Data segment.
····················

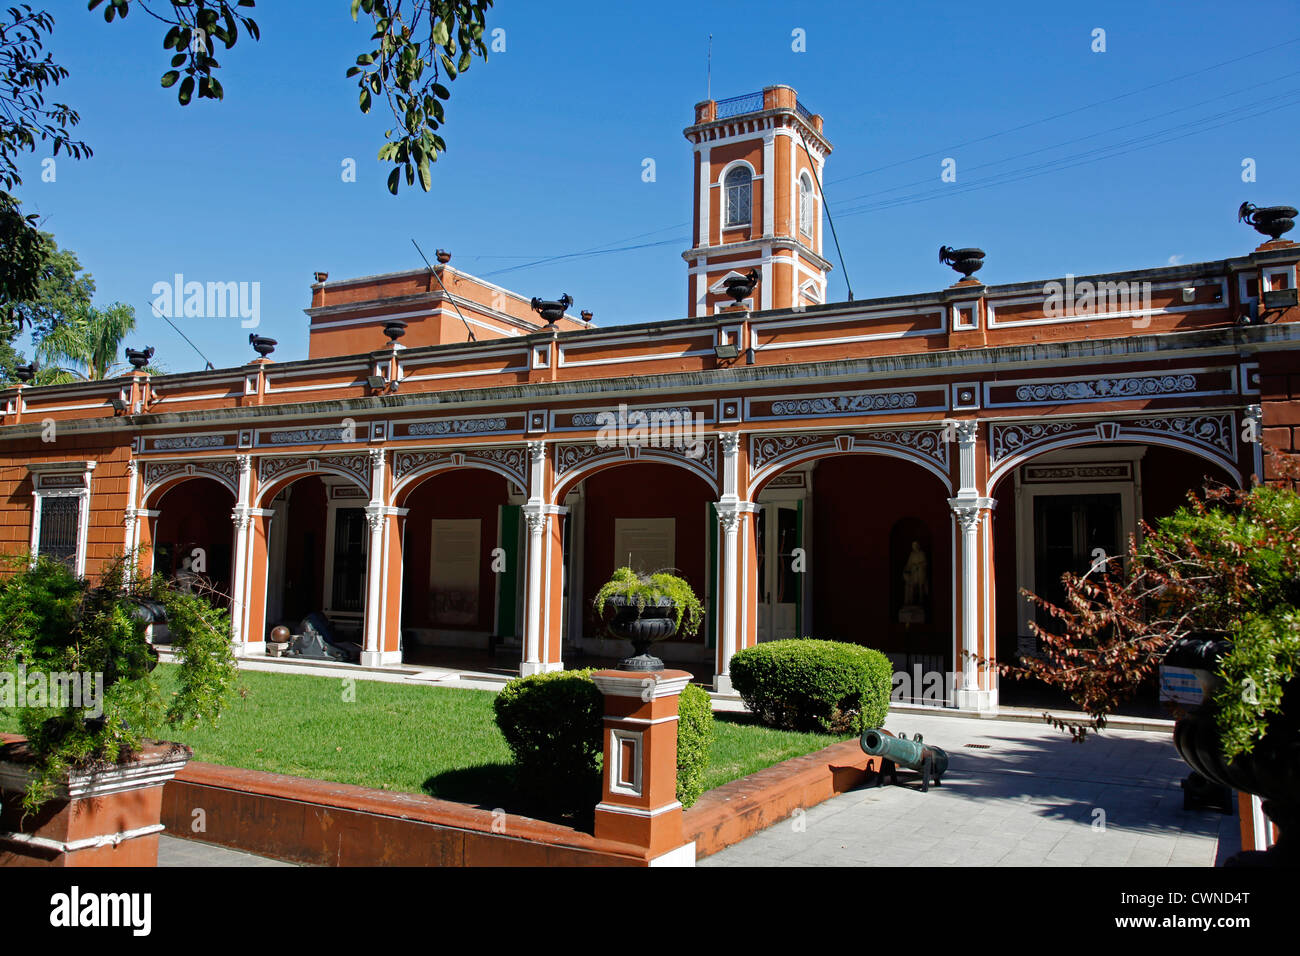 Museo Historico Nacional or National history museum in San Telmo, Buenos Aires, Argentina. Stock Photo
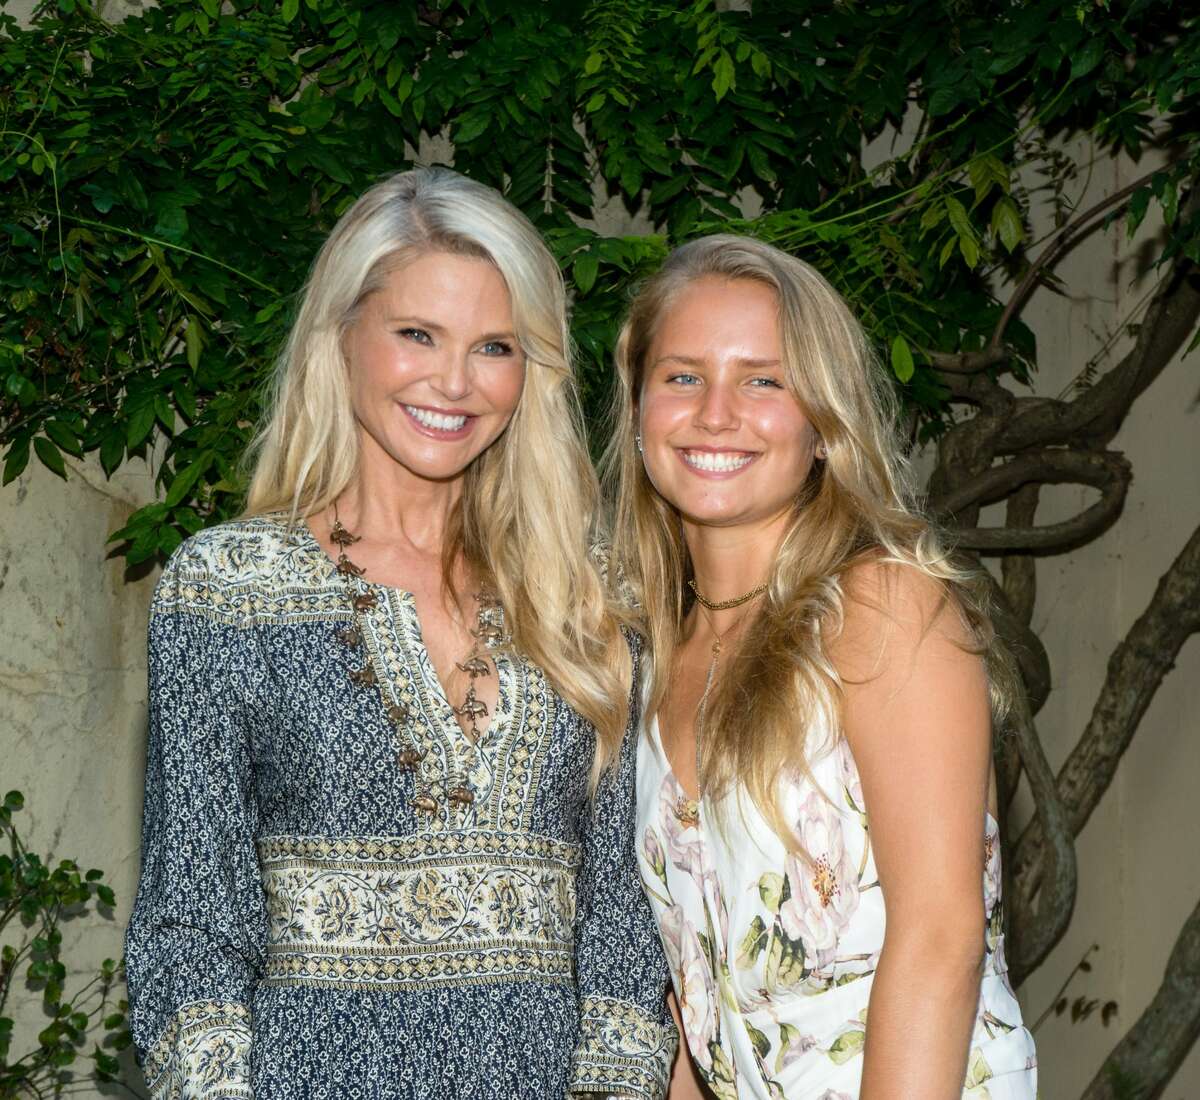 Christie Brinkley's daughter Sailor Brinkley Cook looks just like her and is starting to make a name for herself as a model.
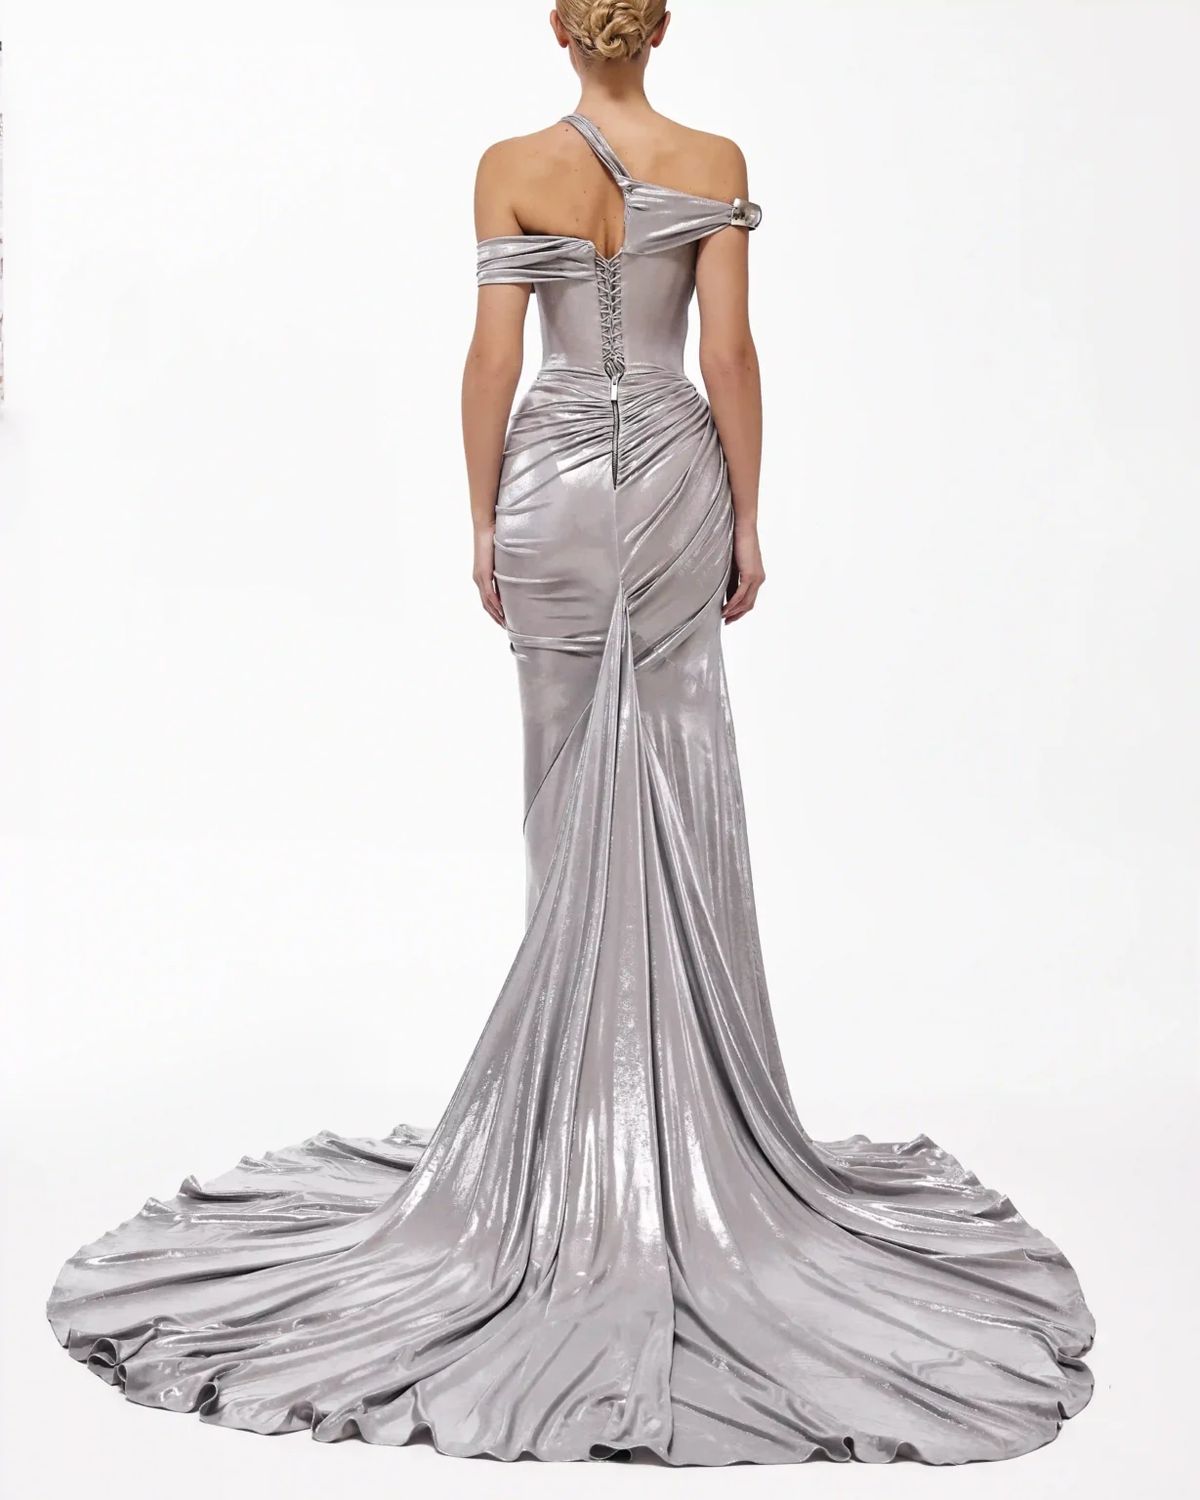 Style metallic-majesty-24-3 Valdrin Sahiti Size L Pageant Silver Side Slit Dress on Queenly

····················

Your assignment. Repeat exactly the lines from the one containing "Christie Brinkley's daughter" to the last line of the data above, both included, and write no pictures into the copy.

Answer box.
 Christie Brinkley's daughter Sailor Brinkley Cook looks just like her and is starting to make a name for herself as a model.
 Style metallic-majesty-24-3 Valdrin Sahiti Size L Pageant Silver Side Slit Dress on Queenly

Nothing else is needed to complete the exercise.